After being utilized as nanocarriers to prepare nanoscale drug delivery system, G2 and G2-C18 entrap CSL via hydrophobic interactions to form stable CSL-loaded nanoparticles, but the assembly process is significantly different between these two nanocarriers. For G2, due to its small hydrophobic fraction, it was speculated that CSL forms the inner core of the nanoparticles in an amorphous state, then G2 disperses on the surface via hydrophobic interactions. Therefore, the CSL-G2 NPs were observed as bright solid balls in TEM images (Figure 2c). On the contrary, the hydrophobic portion of G2-C18 was enhanced significantly after conjugating the C18 chain, which promoted hydrophobic interactions between the nanocarrier and the drug. During the assembly process, CSL molecules interacted with C18 chains to form the hydrophobic portion of the nanoparticles, further enhancing the hydrophobic volume ratio. Hence, in contrast to the cylindrical morphology of blank G2-C18 nanoparticles, CSL-G2-C18 NPs presented a vesicular morphology (Figure 2d).

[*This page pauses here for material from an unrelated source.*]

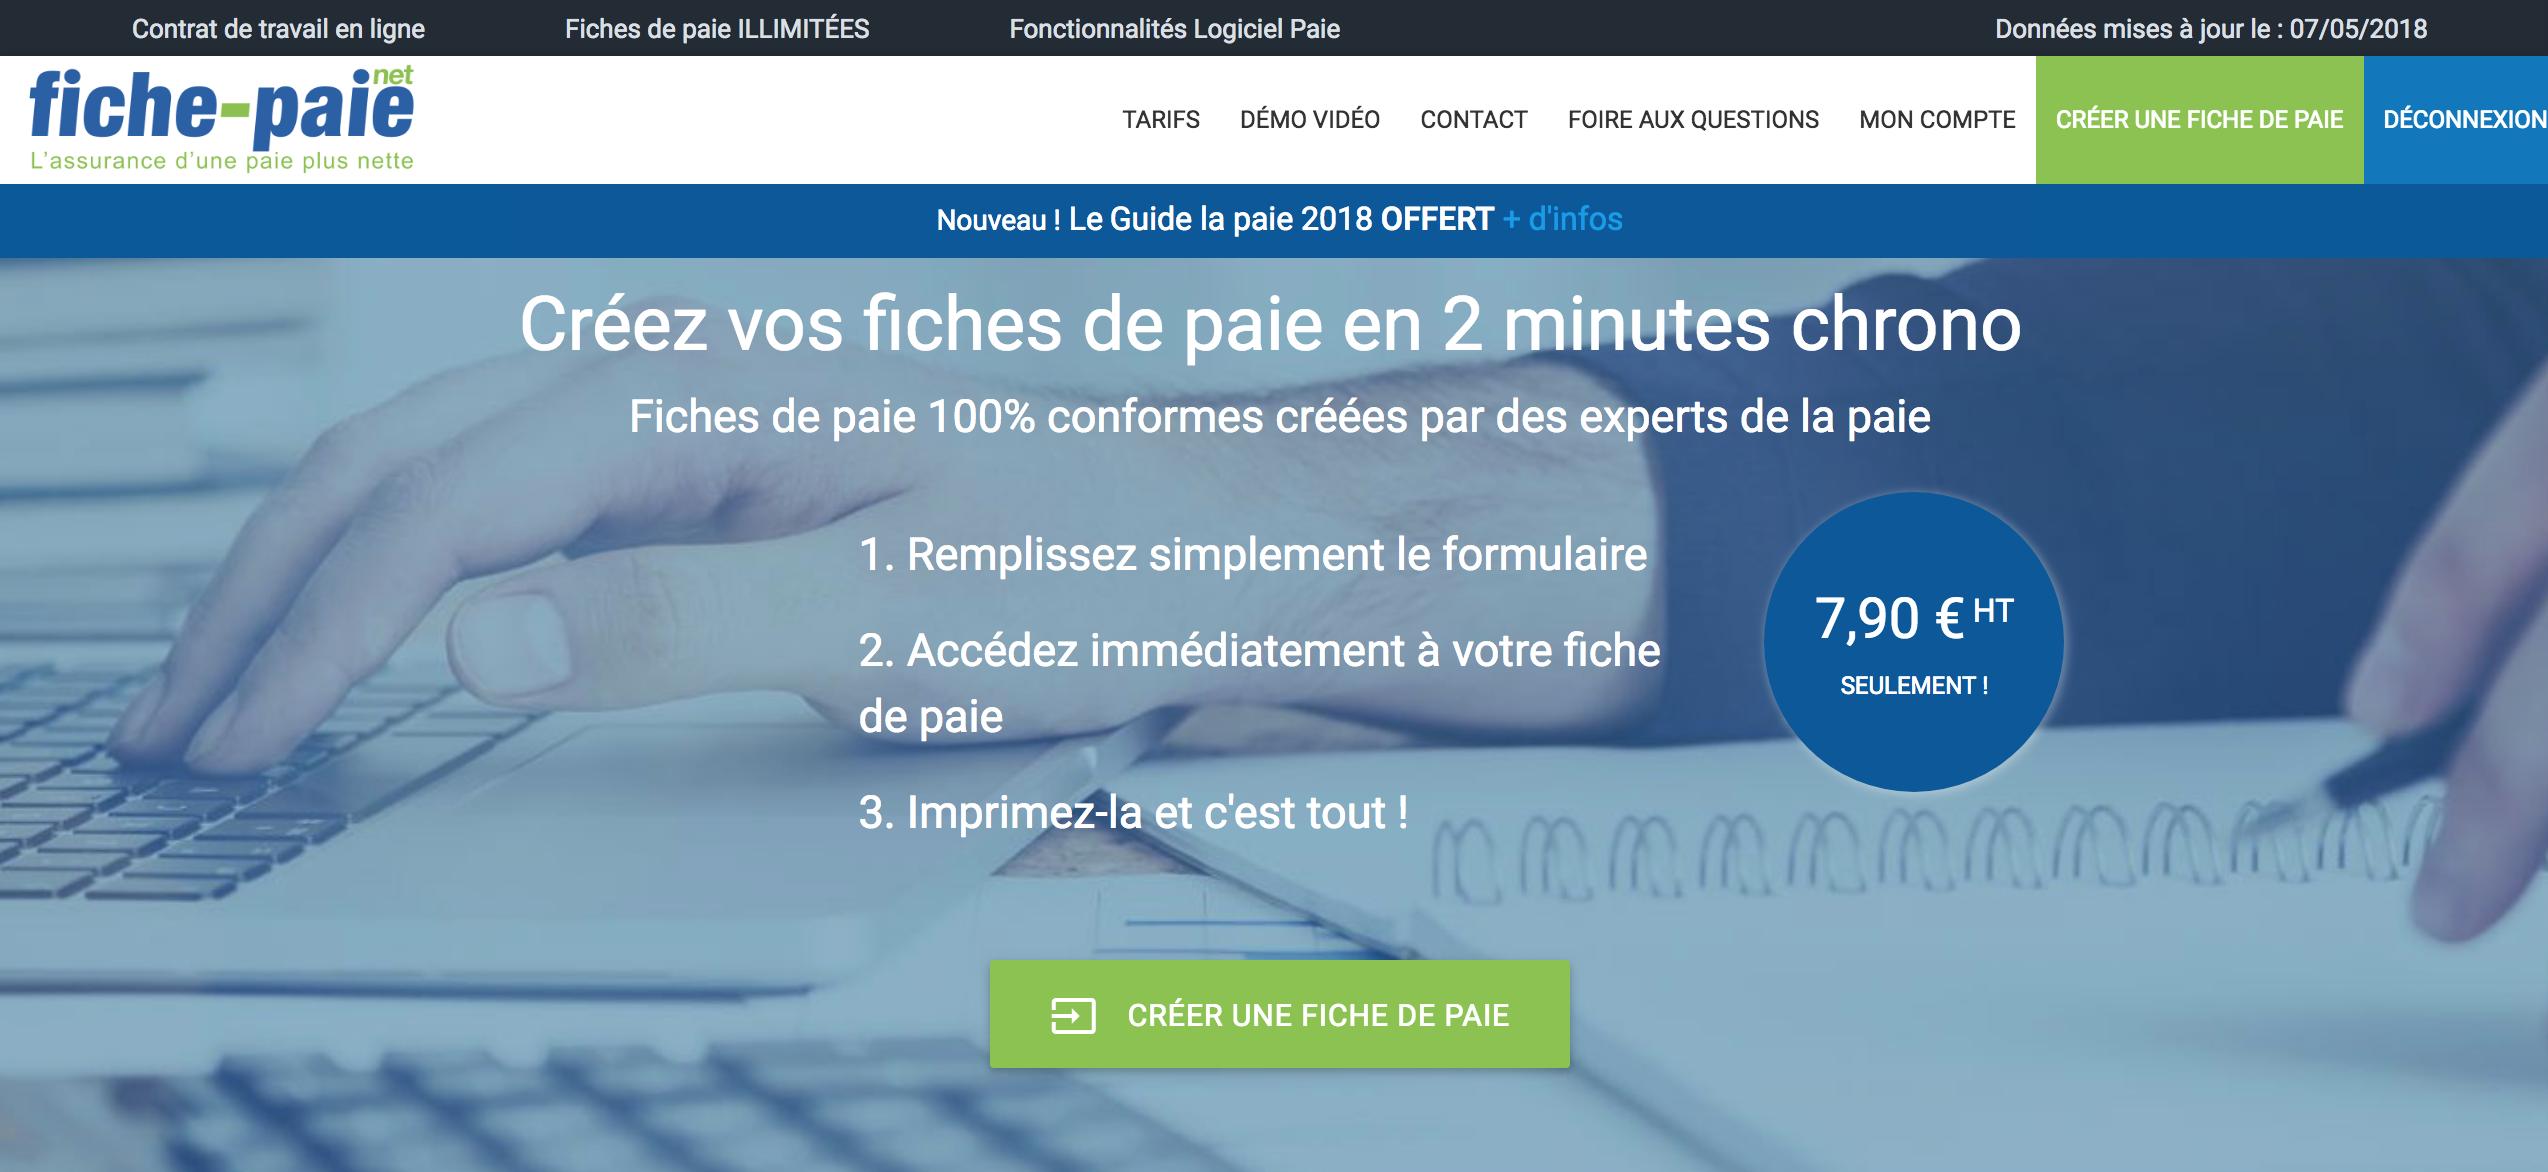 Fiche-Paie.net logiciel de paie en mode SaaS le plus économique du marché.

2.3. Differential Scanning Calorimetry (DSC) Analysis

DSC was utilized to analyze the physical state of CSL in these NPs (Figure 4). CSL presented a sharp endothermic peak at 151.3 °C and an exothermic peak at 212.8 °C, which were attributed to the melting point and the degradation of CSL, respectively. Similar peaks appeared in the thermogram of both physical mixtures. Only one exothermic peak was shown in each thermogram at 218.8 and 219.2 °C for CSL-G2 NPs and CSL-G2-C18 NPs, respectively. The characteristic endothermic peaks disappeared in these two NPs. Moreover, the exothermic peaks shifted to slightly higher temperatures. According to published reports [35,36], these results suggest that the hydrophobic interactions between the CSL and nanocarriers induced CSL to disperse in these two NPs as an amorphous form or a molecular dispersion.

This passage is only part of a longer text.